» PROVIDED DATA:
■ ■ ■ ■

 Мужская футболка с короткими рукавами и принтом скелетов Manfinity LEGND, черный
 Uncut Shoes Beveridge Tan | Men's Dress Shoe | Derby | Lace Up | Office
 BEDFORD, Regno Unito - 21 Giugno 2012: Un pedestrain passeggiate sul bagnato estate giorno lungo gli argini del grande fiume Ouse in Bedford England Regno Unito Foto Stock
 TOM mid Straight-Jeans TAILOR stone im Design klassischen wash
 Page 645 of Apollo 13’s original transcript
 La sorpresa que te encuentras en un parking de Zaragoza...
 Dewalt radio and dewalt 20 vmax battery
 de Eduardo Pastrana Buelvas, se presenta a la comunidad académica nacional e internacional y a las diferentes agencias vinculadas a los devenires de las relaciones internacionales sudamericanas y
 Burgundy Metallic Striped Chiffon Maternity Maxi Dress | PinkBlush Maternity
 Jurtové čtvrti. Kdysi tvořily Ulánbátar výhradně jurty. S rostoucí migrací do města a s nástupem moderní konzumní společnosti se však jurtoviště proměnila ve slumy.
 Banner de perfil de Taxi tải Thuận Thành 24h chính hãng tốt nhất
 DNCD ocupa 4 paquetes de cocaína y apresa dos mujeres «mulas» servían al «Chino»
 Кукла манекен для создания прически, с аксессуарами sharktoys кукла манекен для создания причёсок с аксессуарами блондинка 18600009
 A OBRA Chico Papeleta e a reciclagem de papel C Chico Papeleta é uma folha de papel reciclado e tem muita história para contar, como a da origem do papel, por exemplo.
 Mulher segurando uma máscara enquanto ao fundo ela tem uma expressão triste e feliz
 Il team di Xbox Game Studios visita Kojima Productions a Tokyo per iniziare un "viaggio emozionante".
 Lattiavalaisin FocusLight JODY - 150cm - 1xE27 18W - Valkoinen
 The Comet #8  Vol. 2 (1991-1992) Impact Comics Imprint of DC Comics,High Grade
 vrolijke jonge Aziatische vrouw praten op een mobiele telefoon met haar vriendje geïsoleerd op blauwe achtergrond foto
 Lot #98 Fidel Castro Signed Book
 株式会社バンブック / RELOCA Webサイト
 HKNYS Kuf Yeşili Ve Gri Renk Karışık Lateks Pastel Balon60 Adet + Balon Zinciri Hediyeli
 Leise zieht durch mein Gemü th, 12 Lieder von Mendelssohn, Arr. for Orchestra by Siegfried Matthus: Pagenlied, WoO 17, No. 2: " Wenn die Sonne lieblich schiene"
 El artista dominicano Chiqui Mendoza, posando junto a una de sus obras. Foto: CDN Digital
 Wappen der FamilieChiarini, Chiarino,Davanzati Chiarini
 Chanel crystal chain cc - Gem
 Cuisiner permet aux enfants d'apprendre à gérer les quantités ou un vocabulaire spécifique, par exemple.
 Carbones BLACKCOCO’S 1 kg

■ ■ ■ ■

» ASSIGNMENT:
Copy from the entries only those lines that hold the word "Dress".

» FINAL ANSWER:
 Uncut Shoes Beveridge Tan | Men's Dress Shoe | Derby | Lace Up | Office
 Burgundy Metallic Striped Chiffon Maternity Maxi Dress | PinkBlush Maternity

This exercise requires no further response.